--- Description of the task ---
Each line of the data must be written out again verbatim; no image belongs in the copy.

--- Dataset extract ---
----------

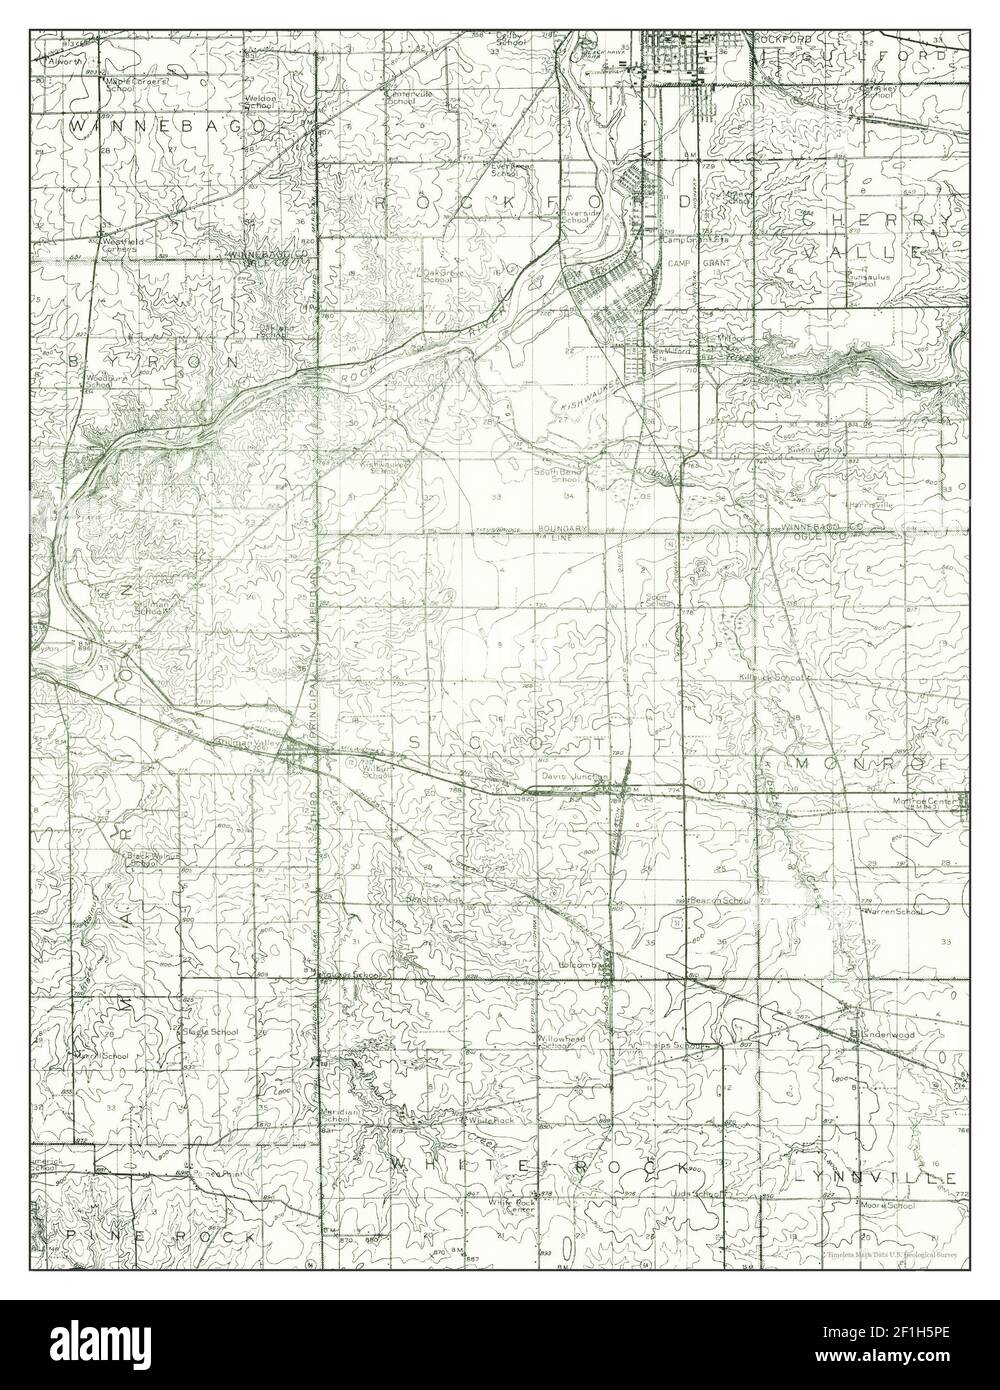 Kings, Illinois, map 1917, 1:62500, United States of America by Timeless Maps, data U.S. Geological Survey Stock Photo
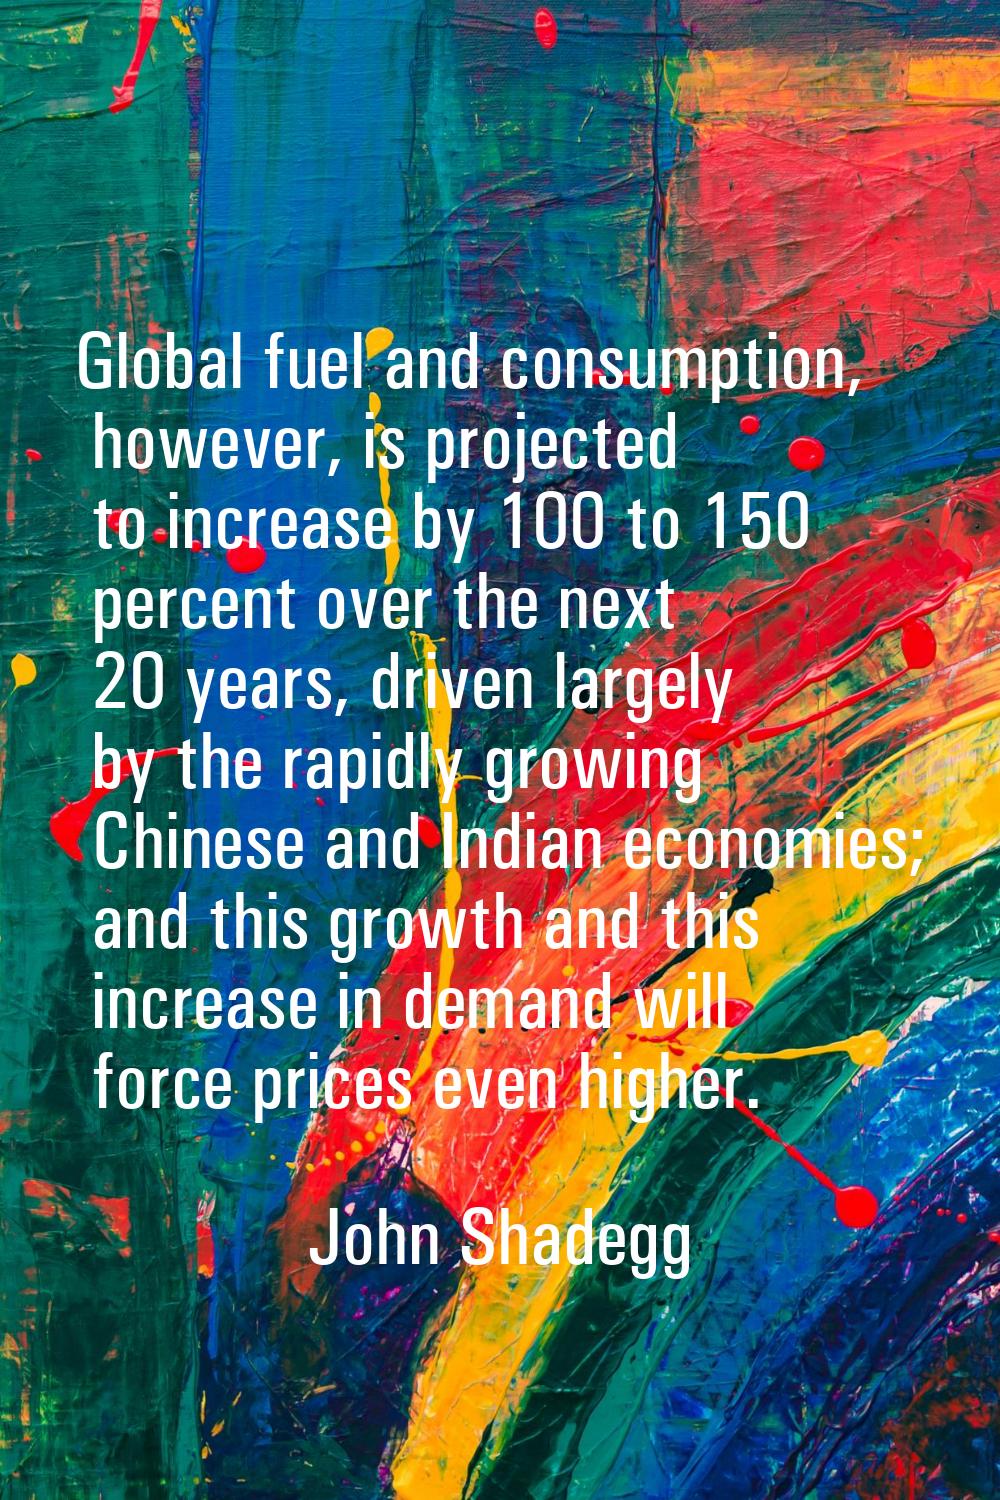 Global fuel and consumption, however, is projected to increase by 100 to 150 percent over the next 
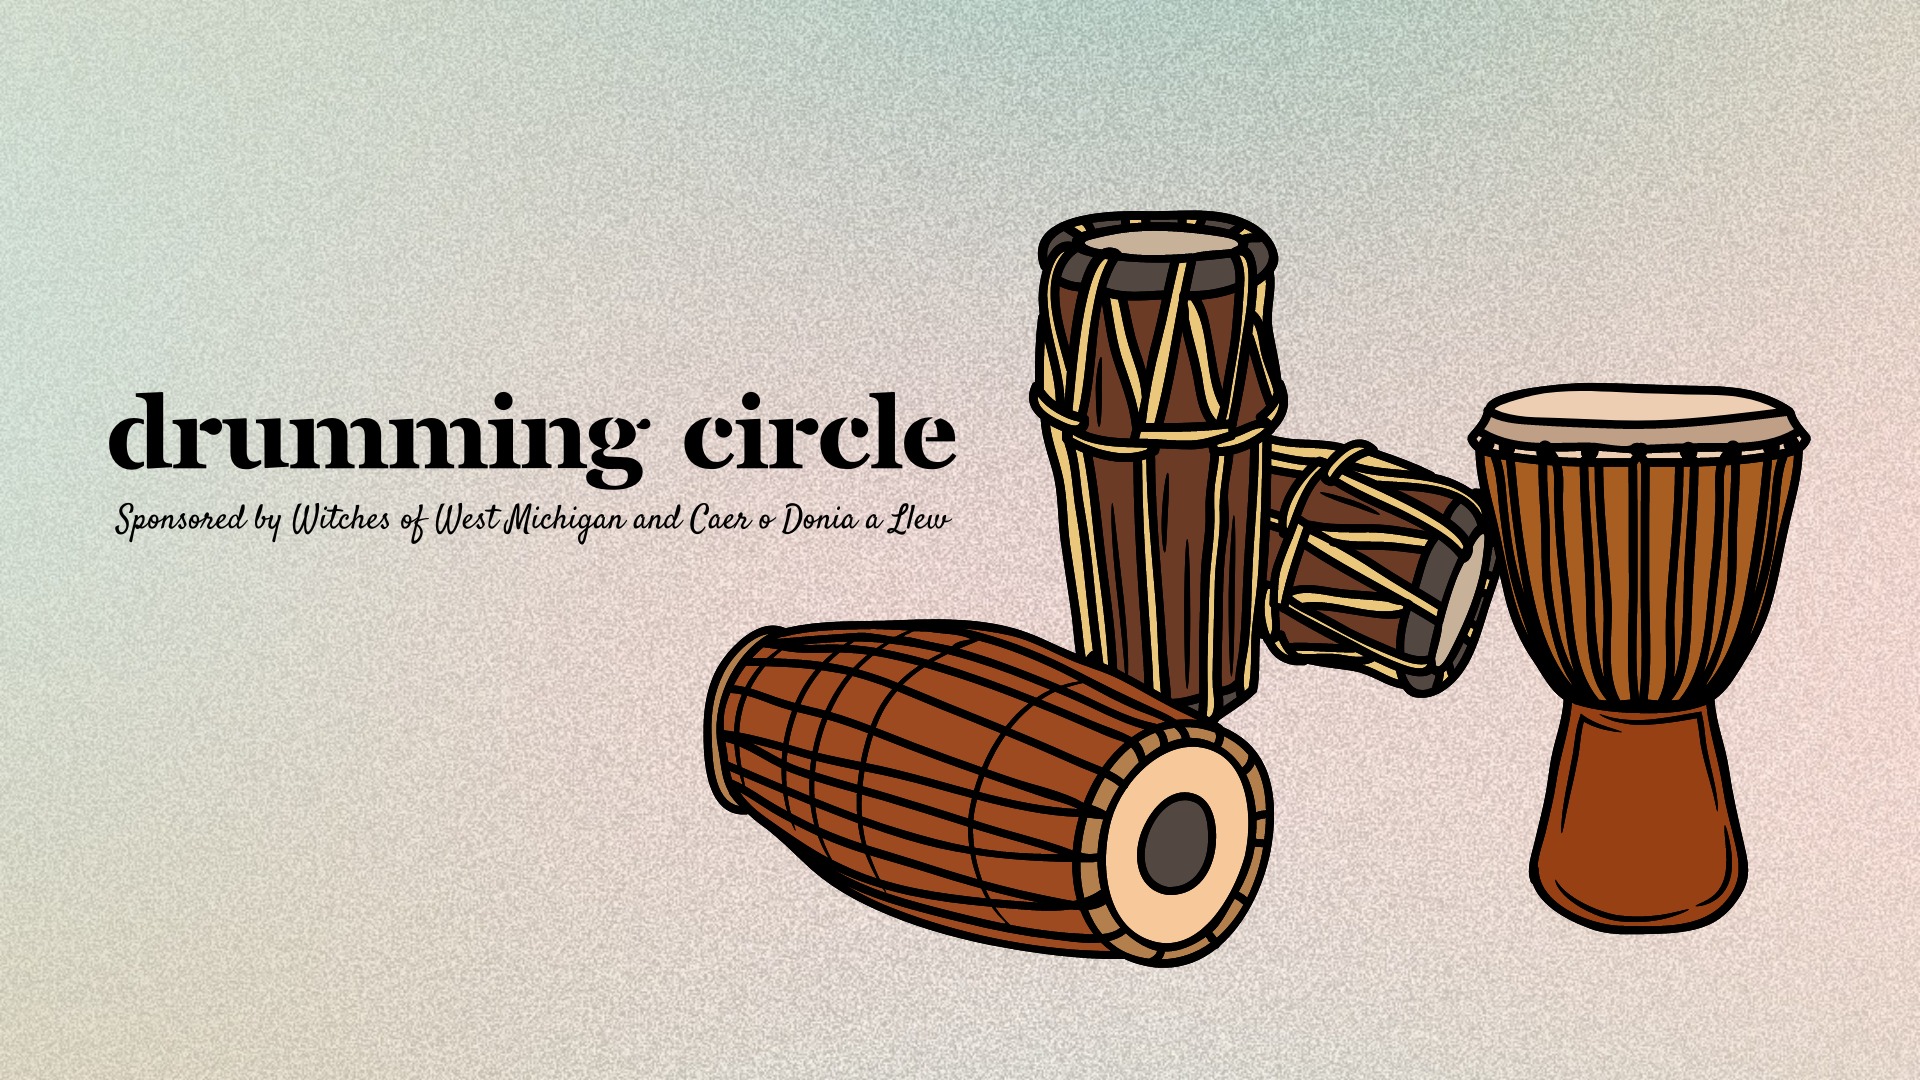 witches of west michigan drum circle logo

----------

--- Task answer ---
 Kings, Illinois, map 1917, 1:62500, United States of America by Timeless Maps, data U.S. Geological Survey Stock Photo
 Global fuel and consumption, however, is projected to increase by 100 to 150 percent over the next 
 witches of west michigan drum circle logo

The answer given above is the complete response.